The recipe below is just a guide, there are no hard rules on the quantity and type of vegetables used. The grilled fish topping may not be the grilled samaral on the recipe, any inihaw na isda is suitable.
Here is the recipe of my Dinengdeng with Inihaw na Isda, Inihaw na Samaral.

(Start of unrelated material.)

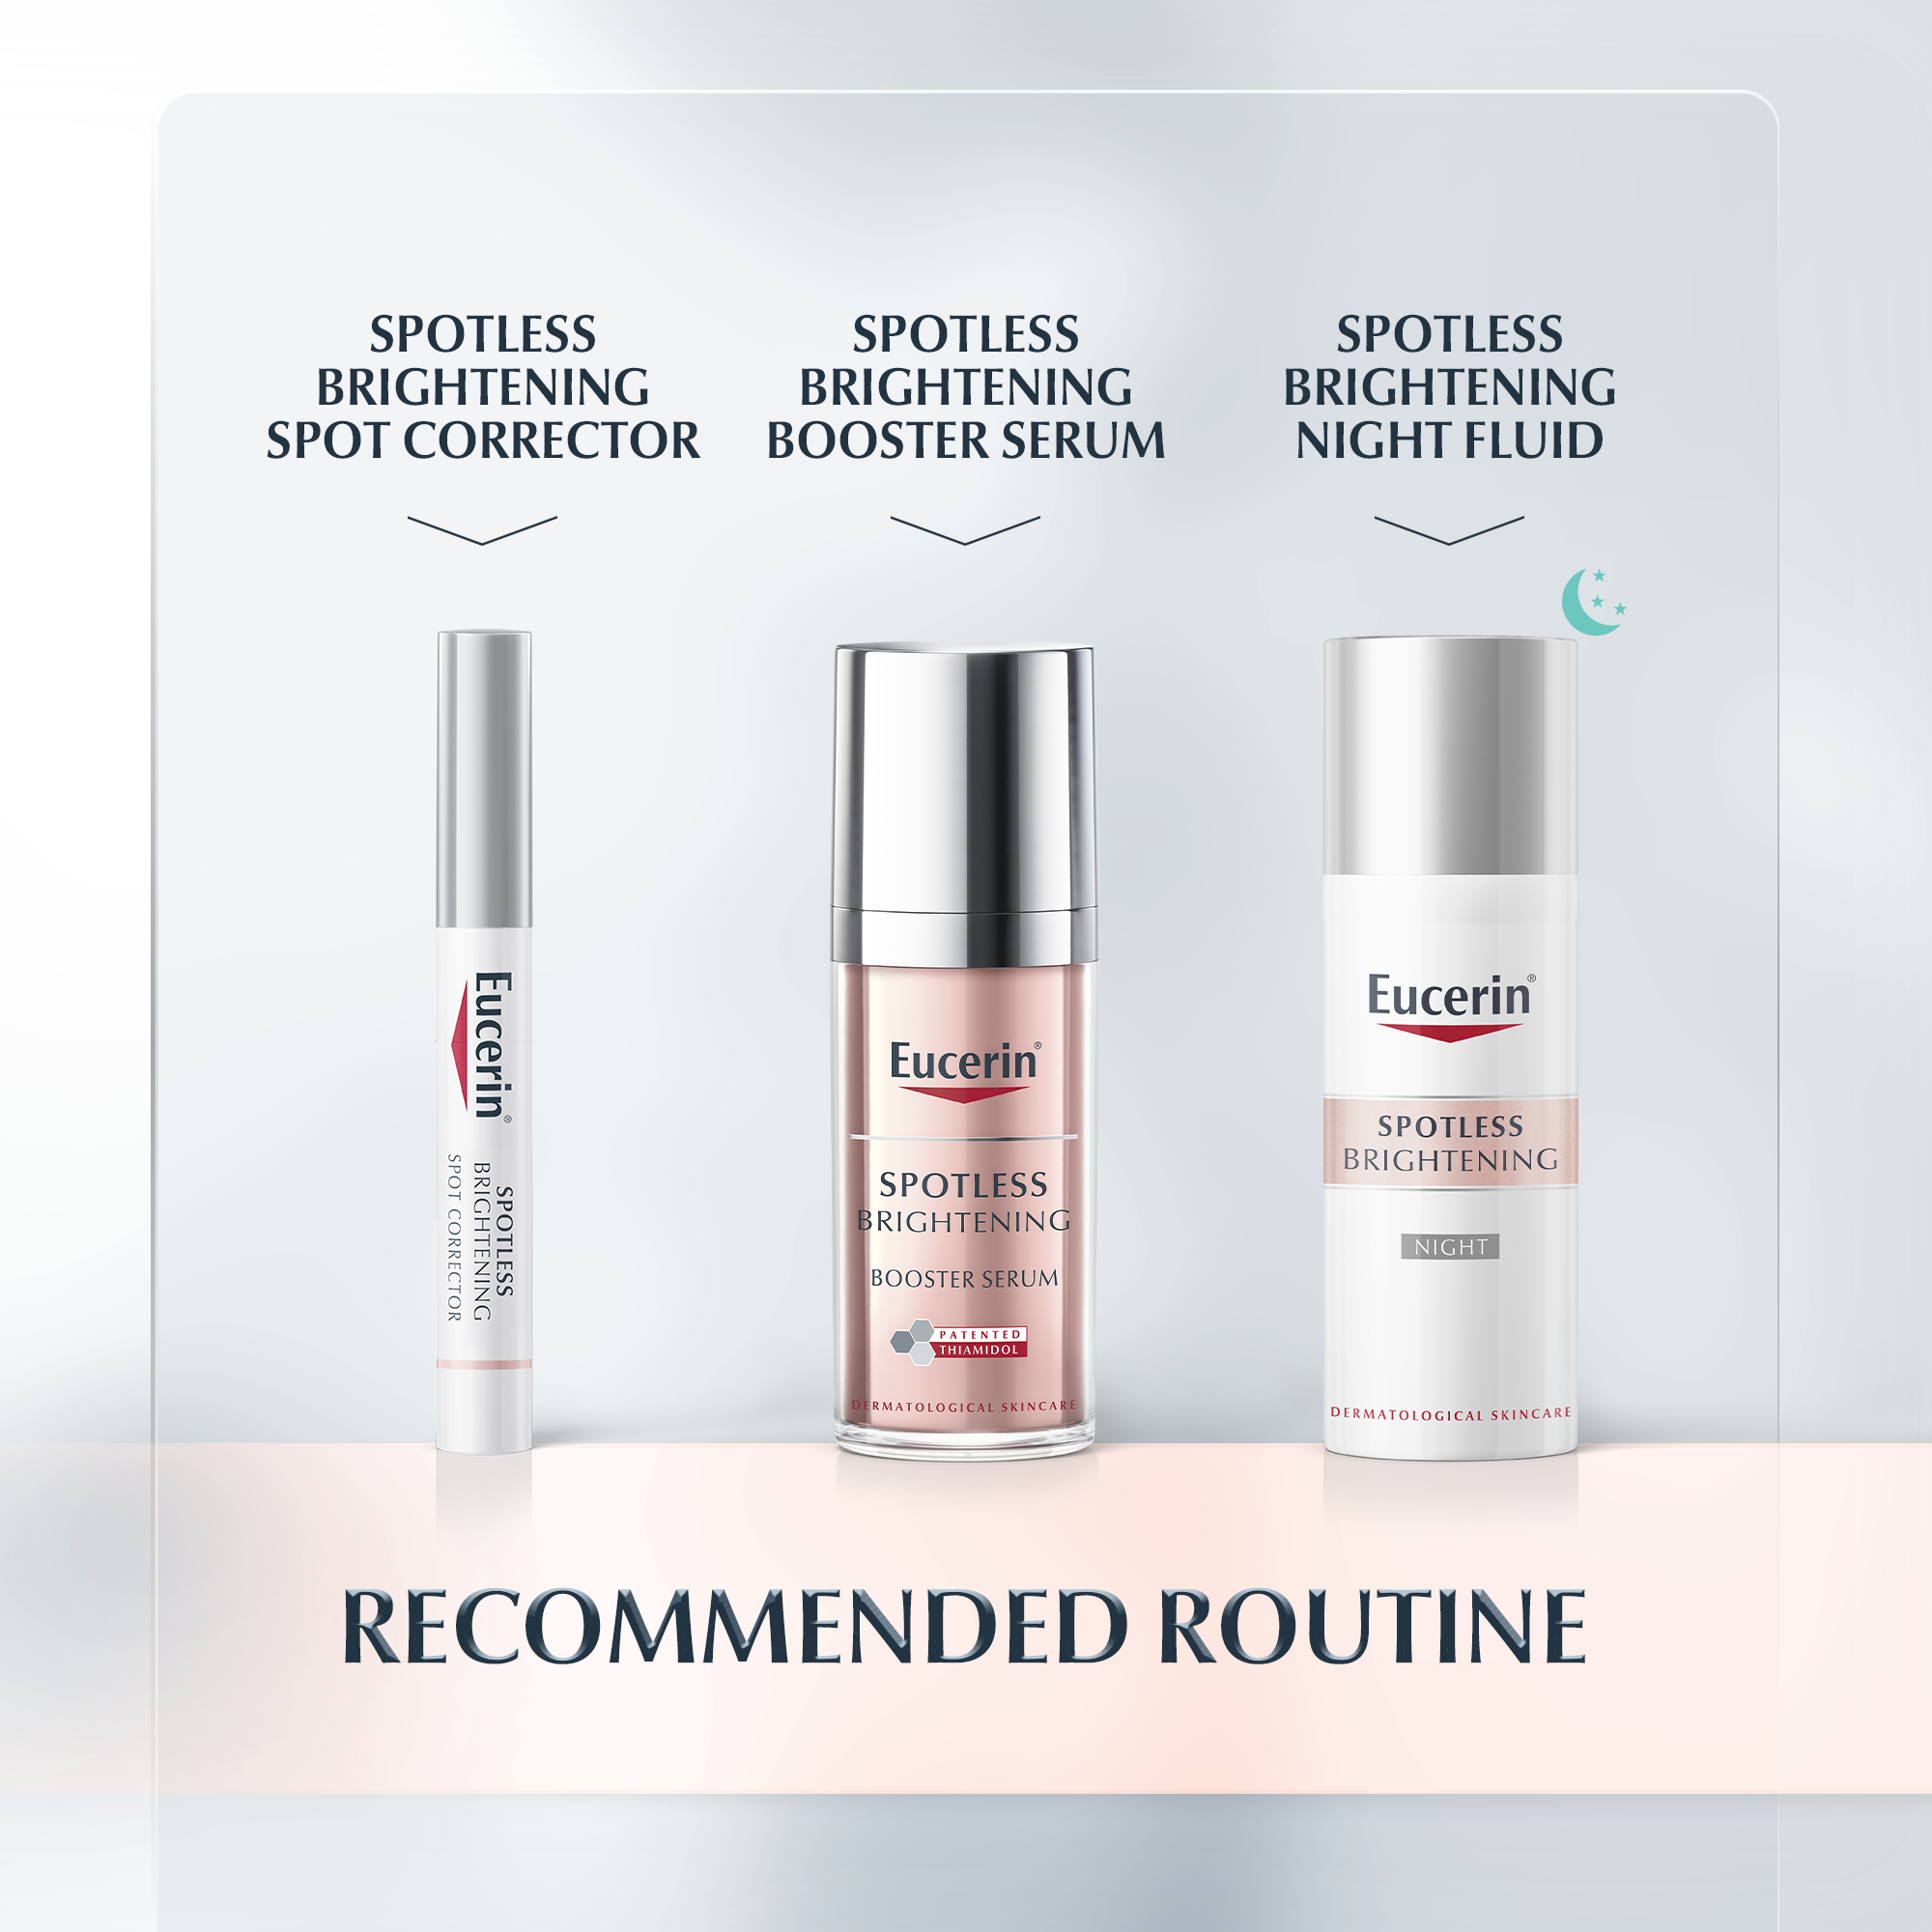 Recommended Routine for Spotless Brightening Day Fluid

1 big bowl of combination but not limited of the following vegetables
malunggay fruits, skinned, cut into 2” lengths strips
malunggay leaves, removed from stem
upo, cut into wedges
eggplant, skinned, cut into 2” lengths strips
sigarillas, trimmed, sliced diagonally
2 medium size samaral, grilled
2-3 tbsp. bagoong na isda
1 small size onion, chopped
1 medium size tomato, chopped
Dilute bagoong na isda in 3 to 6 cups of water, strain in a sheave and pour solution in a medium size pot bring to boil add in the onion and tomato, simmer for 3 to 5 minutes, remove all scams that rises. Add in all the vegetables, vegetables that will require longer time to cook at the bottom and cook for 3 to 5 minutes or until half cooked.
Now add the leafy vegetables at the top and cook for another 1 to 2 minutes or until vegetables are just cooked but firm, do not overcook. Season with salt if required. Top with the grilled samaral and keep covered for a minute. Serve hot.